TASK OBJECTIVE → Look in the data below for the line that has "red de pesca", then print exactly every line from there through the line that has "Studio House Plans", leaving pictures out.

SOURCE MATERIAL →

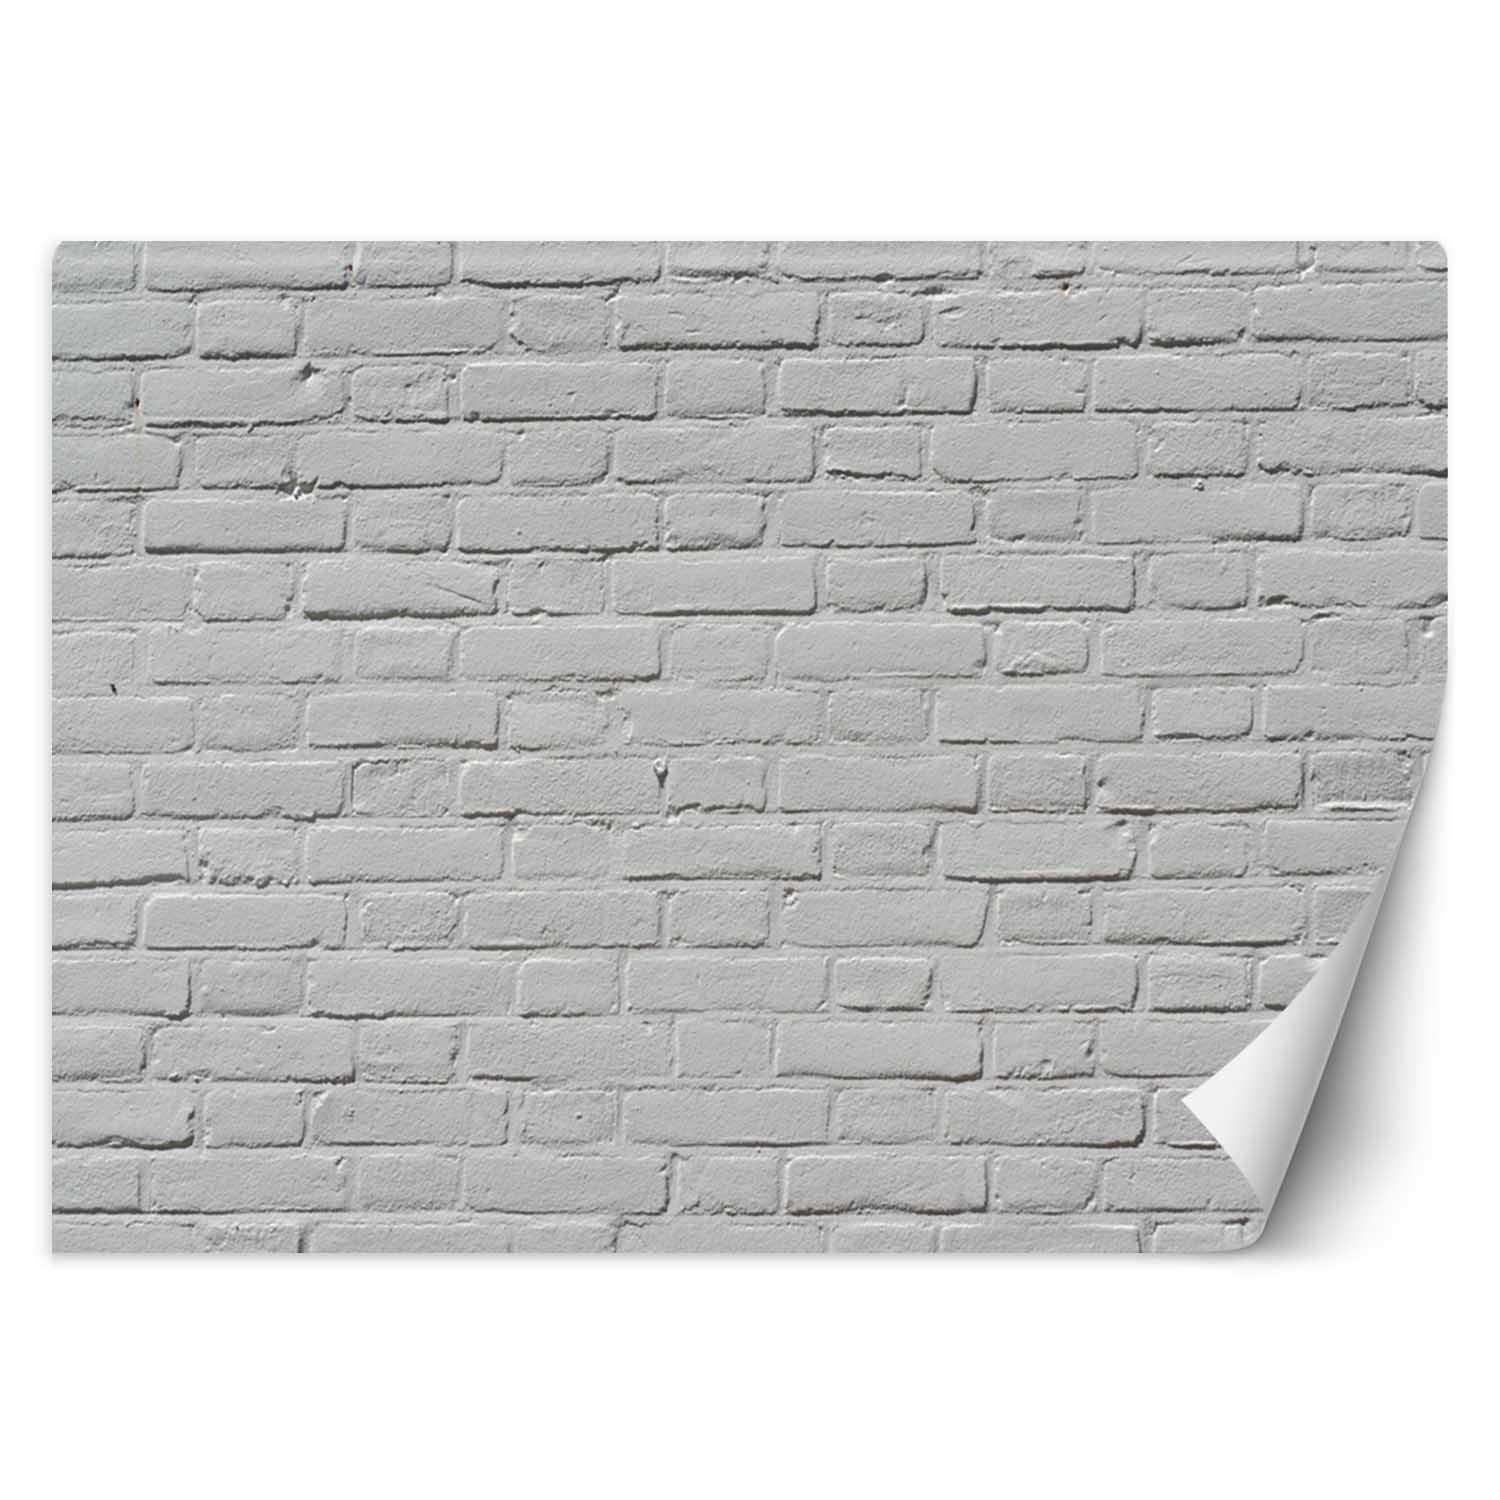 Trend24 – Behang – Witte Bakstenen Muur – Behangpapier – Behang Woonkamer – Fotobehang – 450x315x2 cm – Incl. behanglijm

--

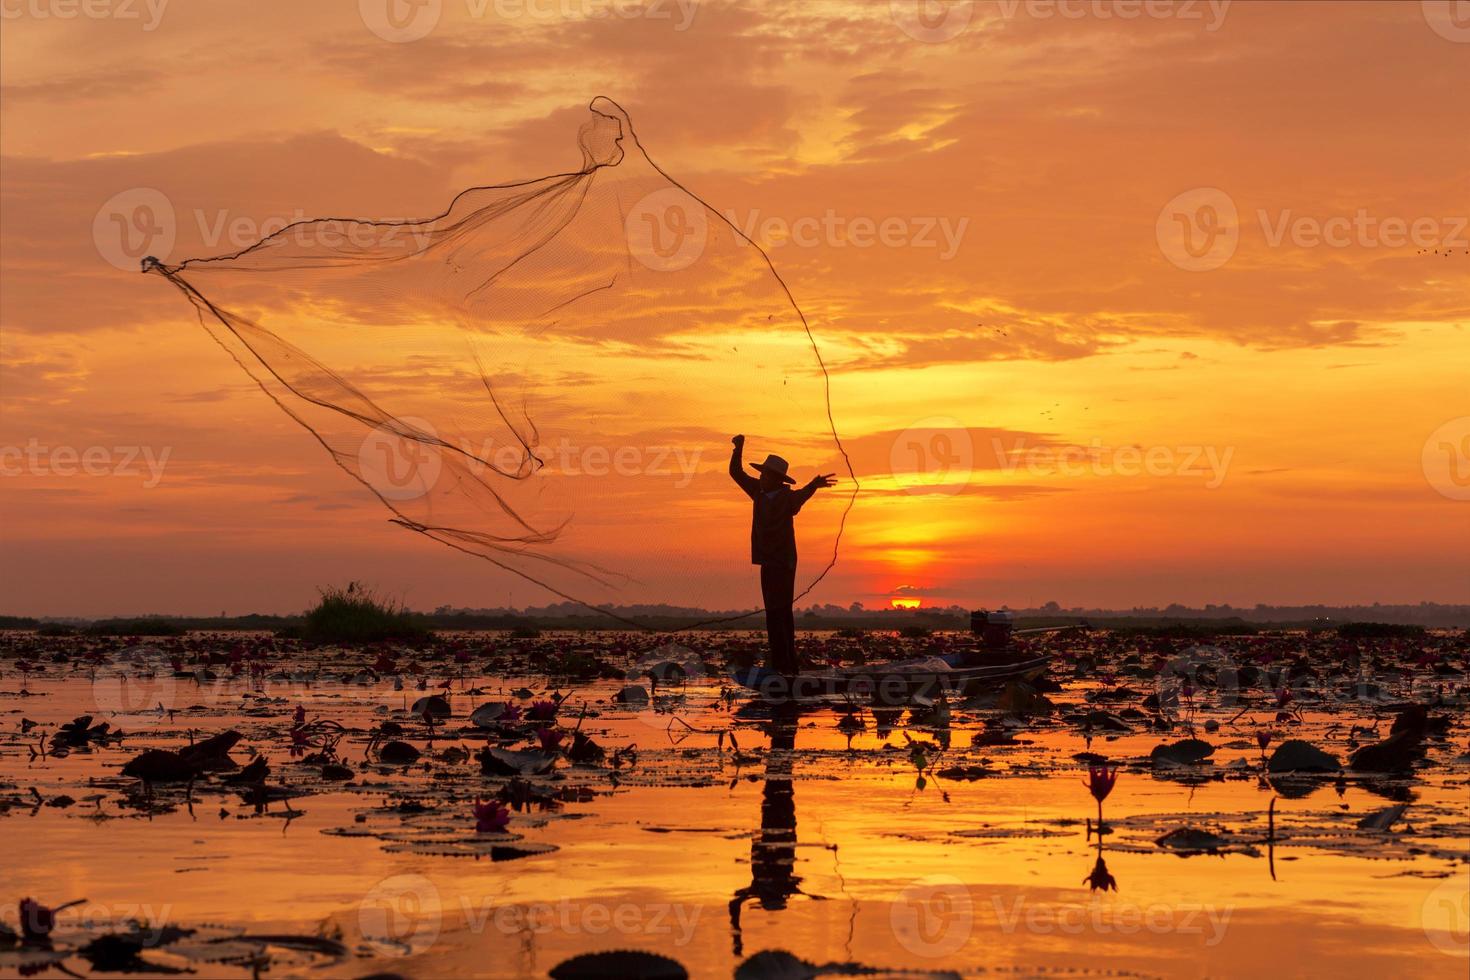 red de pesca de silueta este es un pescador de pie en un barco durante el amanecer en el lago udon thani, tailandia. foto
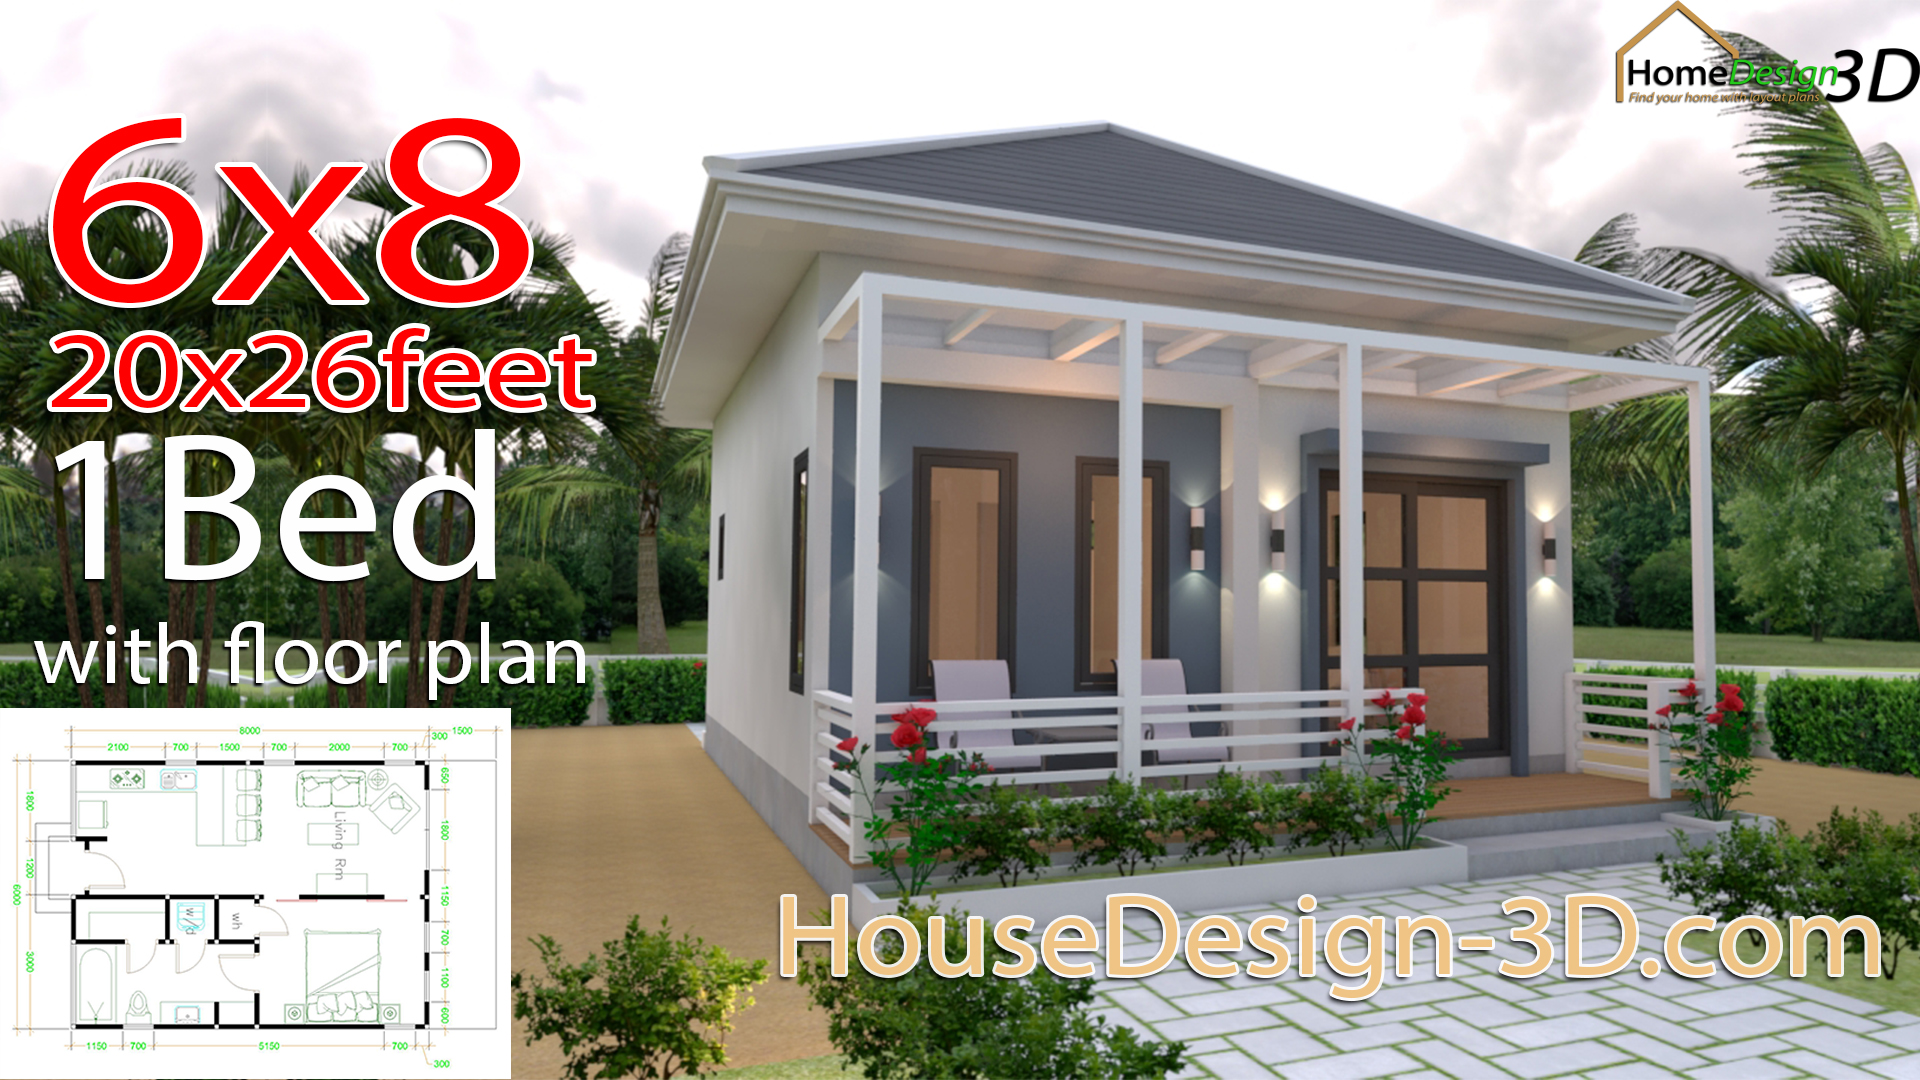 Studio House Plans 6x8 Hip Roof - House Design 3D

---

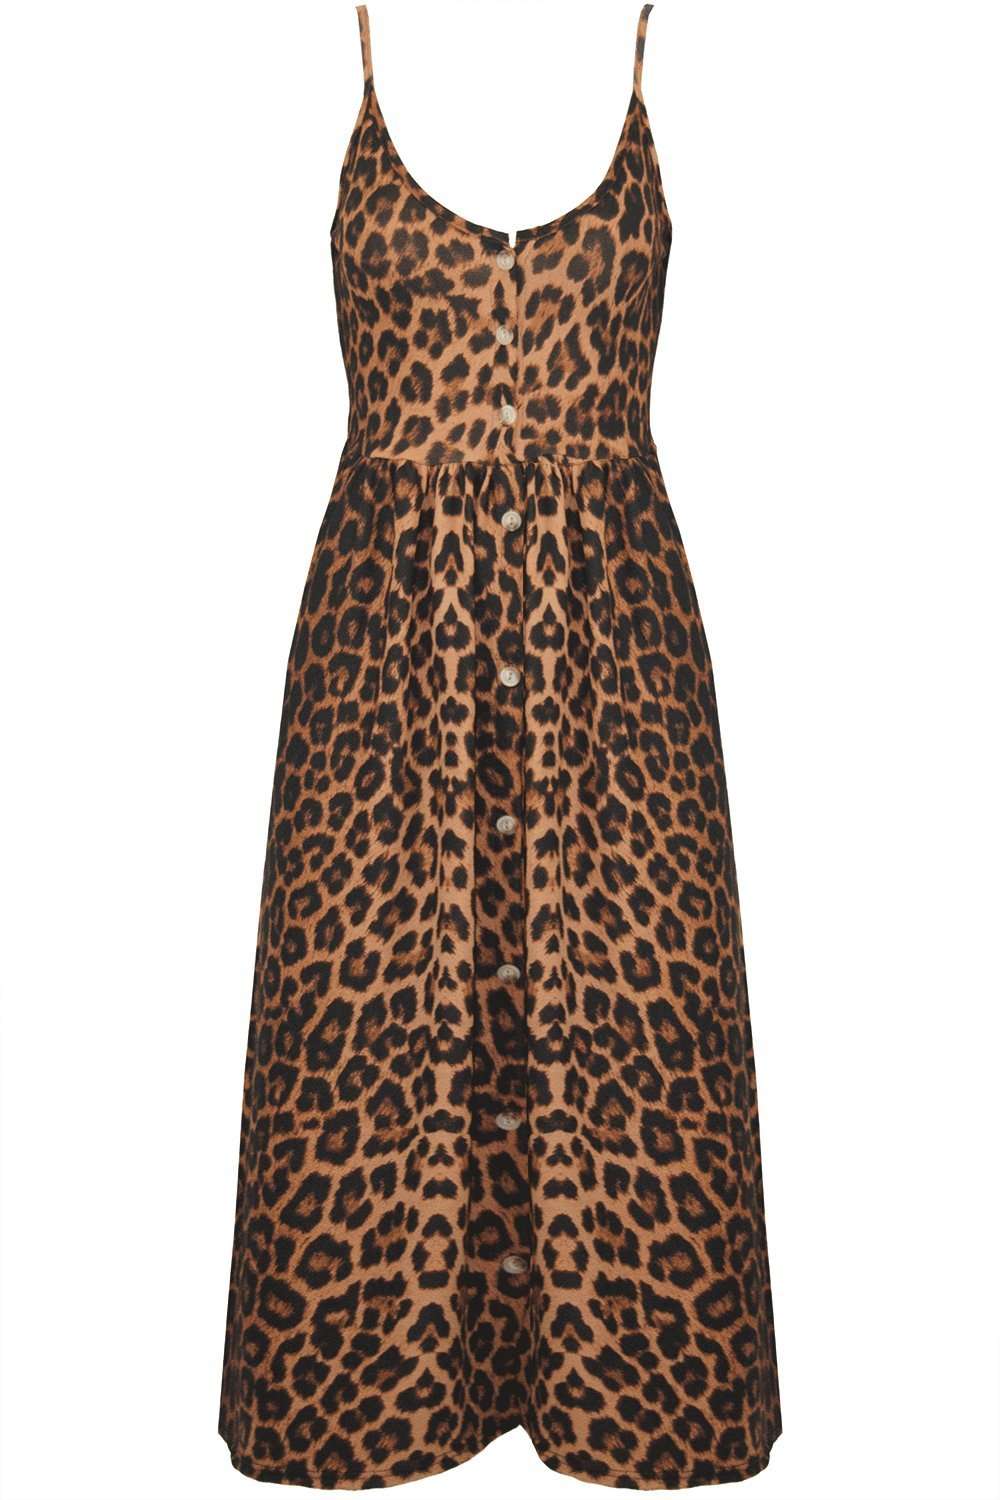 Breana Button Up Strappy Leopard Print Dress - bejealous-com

WRITTEN SOLUTION →
 red de pesca de silueta este es un pescador de pie en un barco durante el amanecer en el lago udon thani, tailandia. foto
 Studio House Plans 6x8 Hip Roof - House Design 3D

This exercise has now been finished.